▸ **DIRECTIONS**
Everything from the line with "Билет участника Летней" to the line with "1PC Lotus Flower" in the listing below, both lines included, needs to be copied exactly, apart from the pictures.

▸ **MATERIAL FOR THIS EXERCISE**

--- --- ---

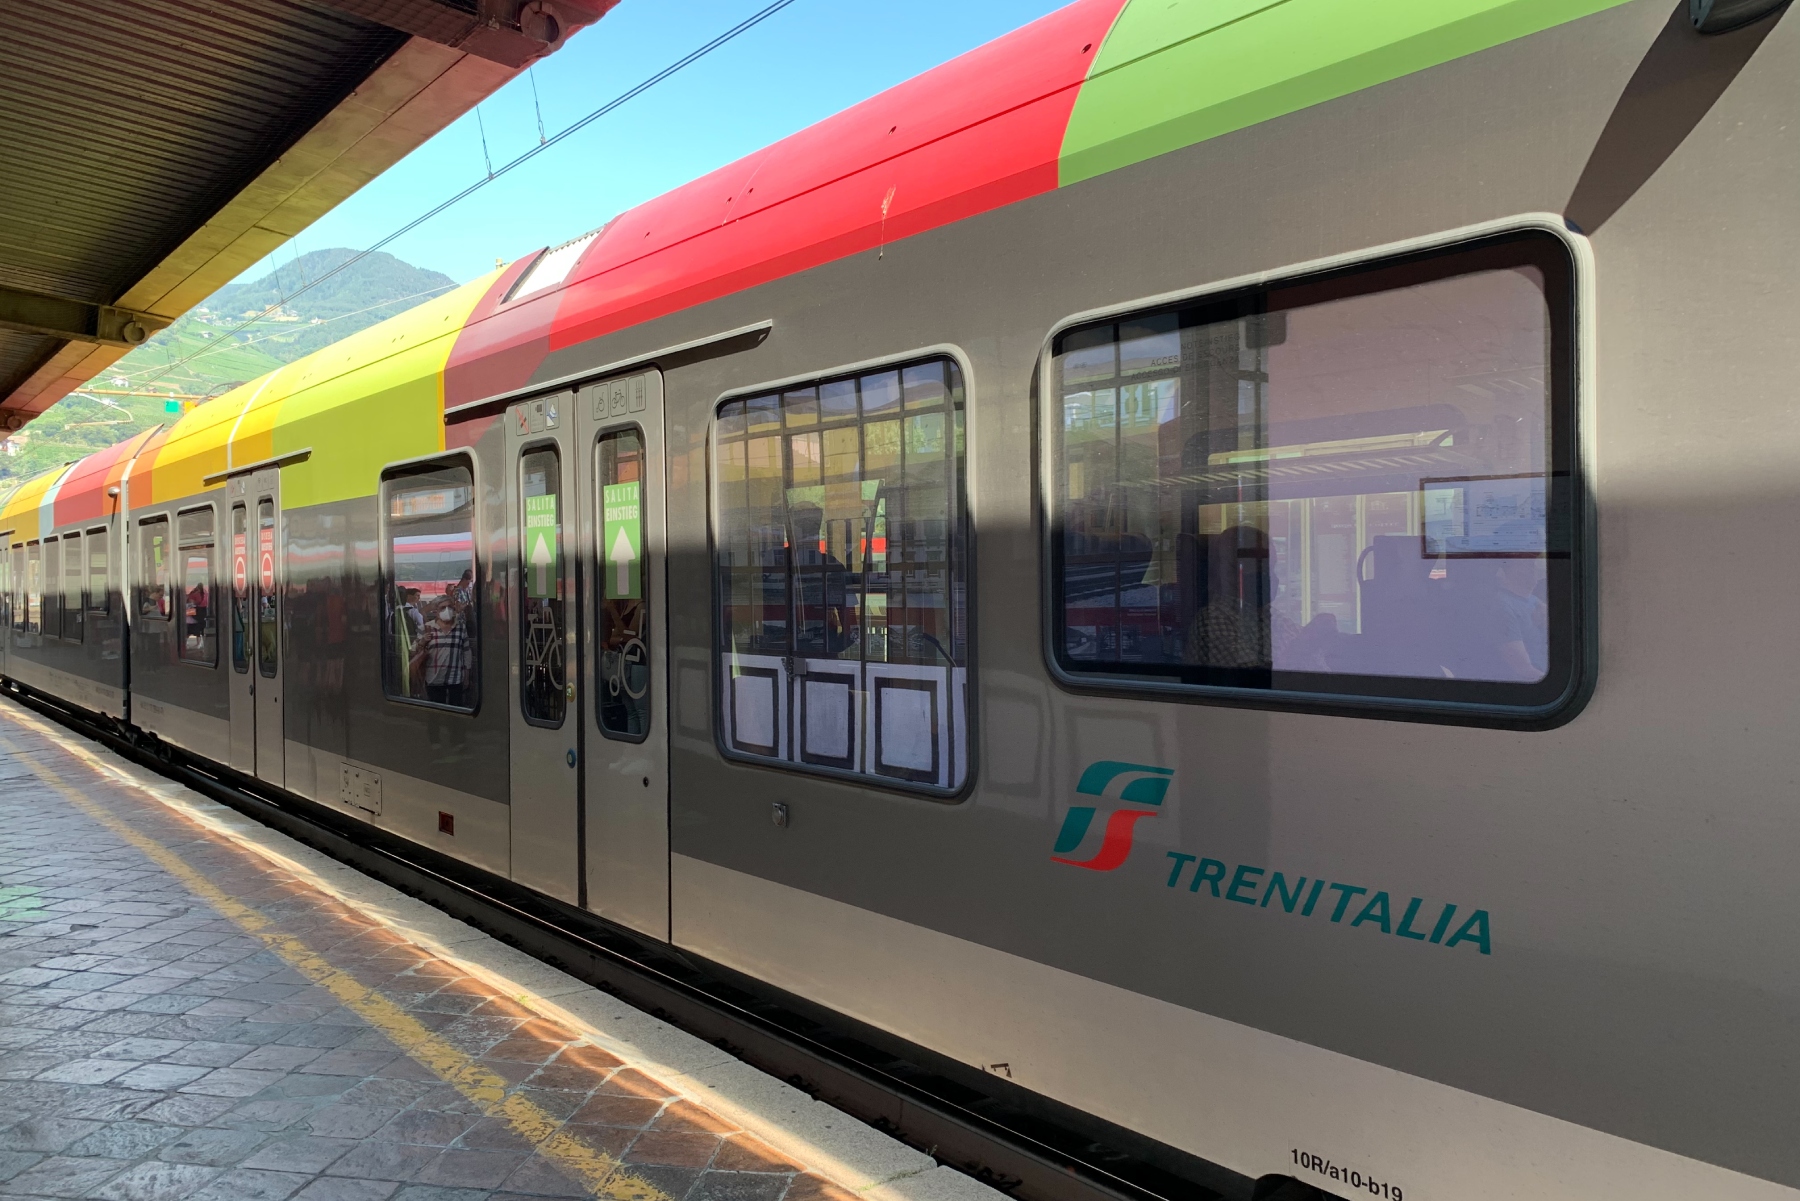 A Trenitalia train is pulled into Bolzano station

--- --- ---

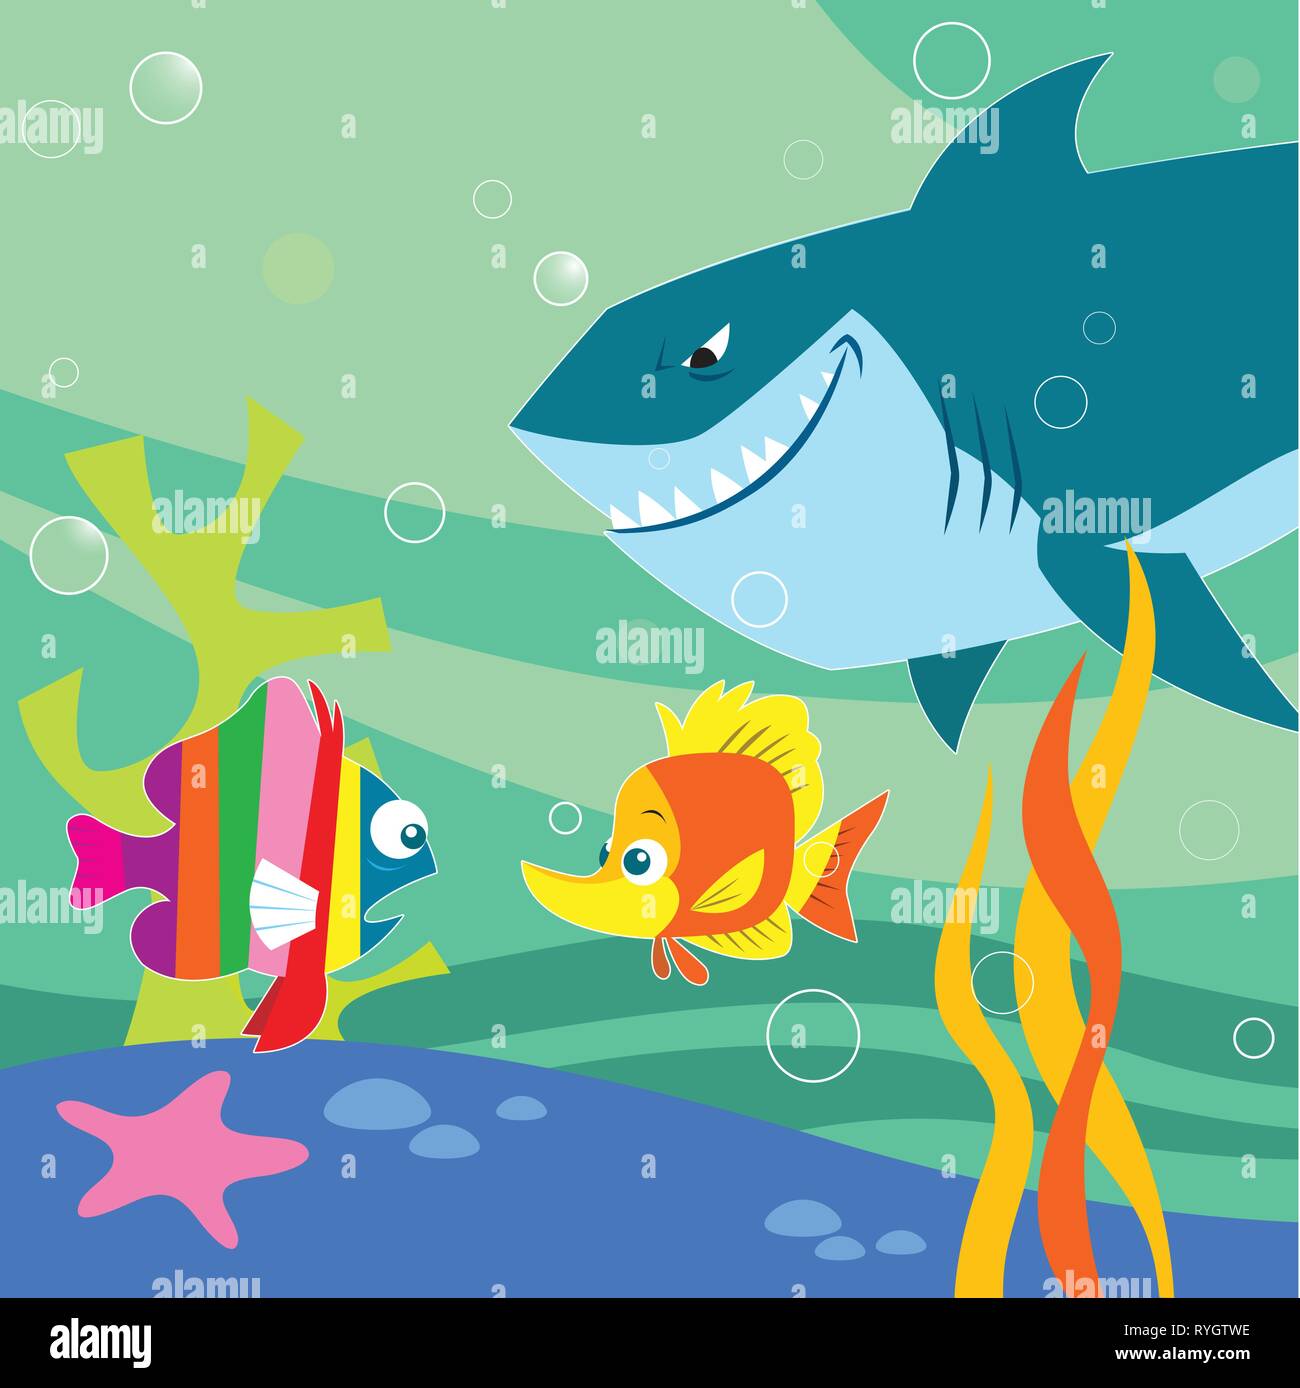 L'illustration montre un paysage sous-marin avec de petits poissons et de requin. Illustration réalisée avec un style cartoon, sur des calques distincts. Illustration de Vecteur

--- --- ---

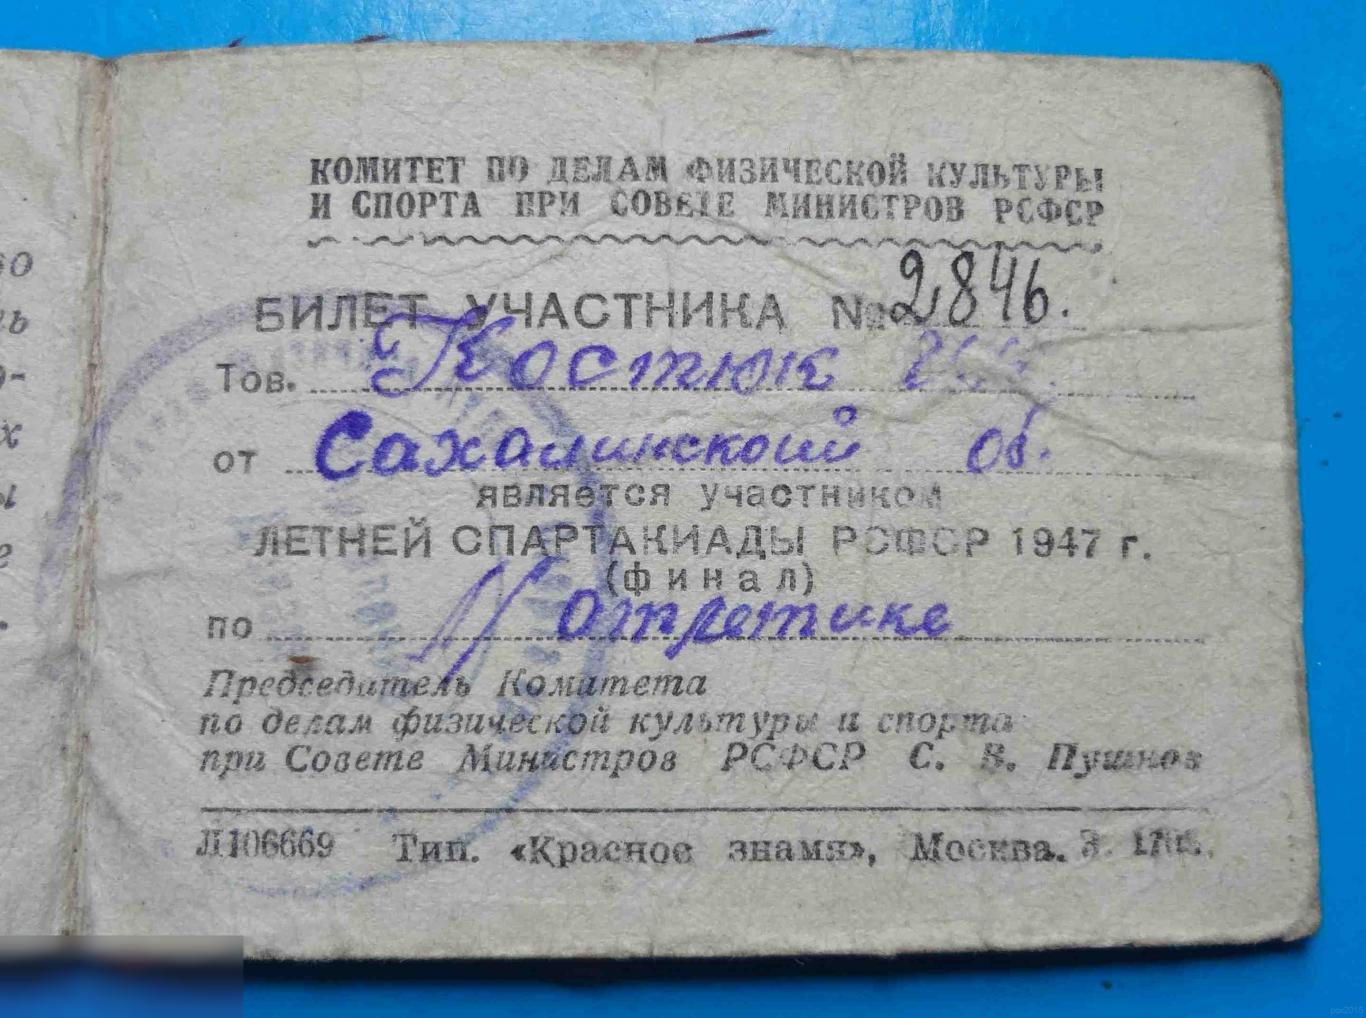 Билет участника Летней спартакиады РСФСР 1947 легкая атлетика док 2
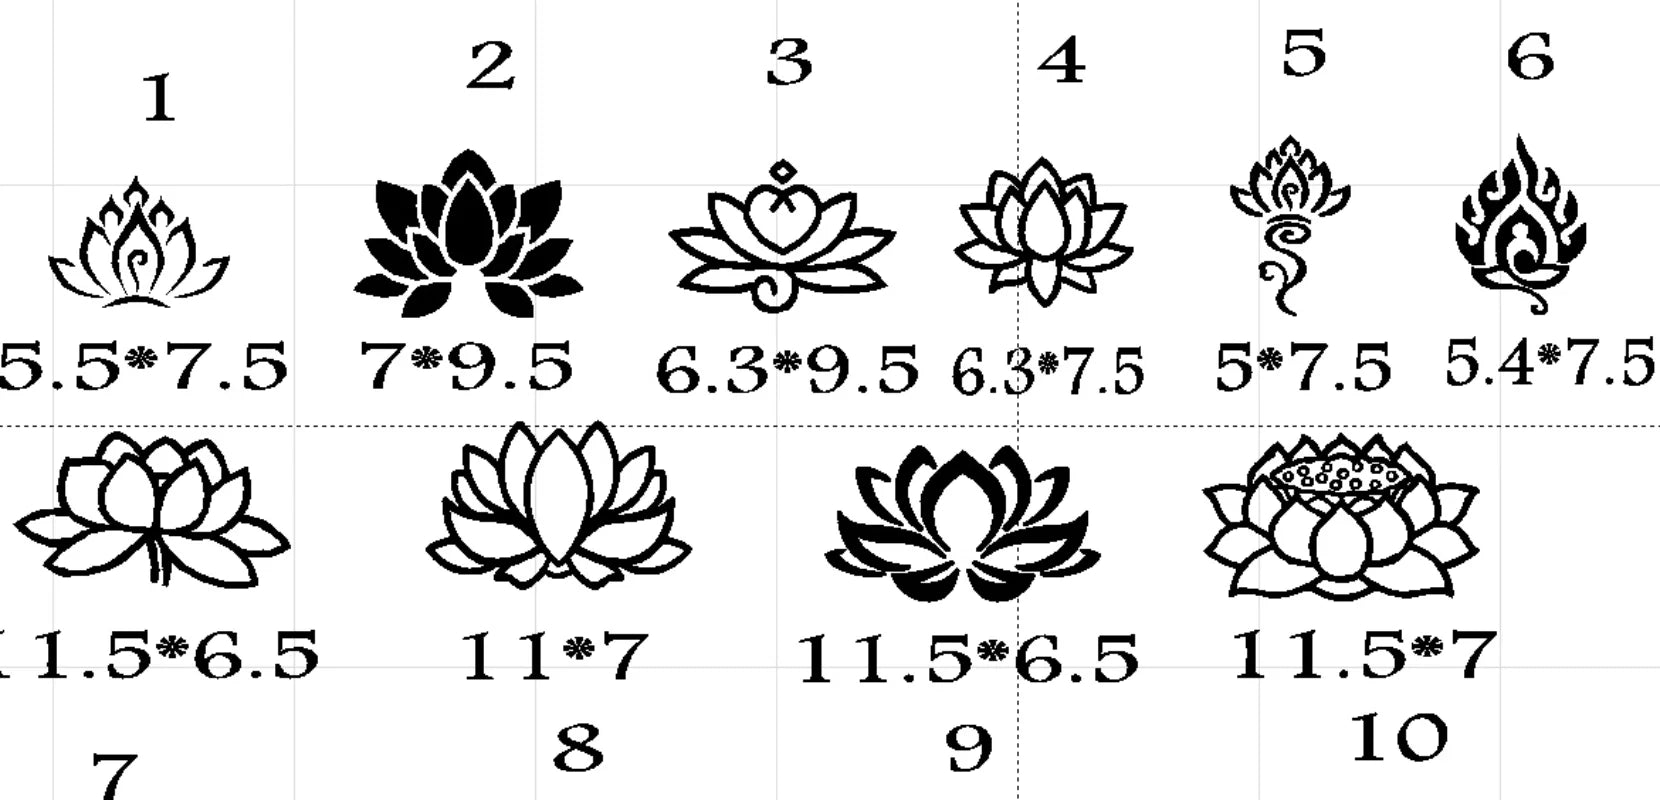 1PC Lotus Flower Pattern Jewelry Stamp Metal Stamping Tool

--- --- ---

▸ **EXPECTED ANSWER**
 Билет участника Летней спартакиады РСФСР 1947 легкая атлетика док 2
 1PC Lotus Flower Pattern Jewelry Stamp Metal Stamping Tool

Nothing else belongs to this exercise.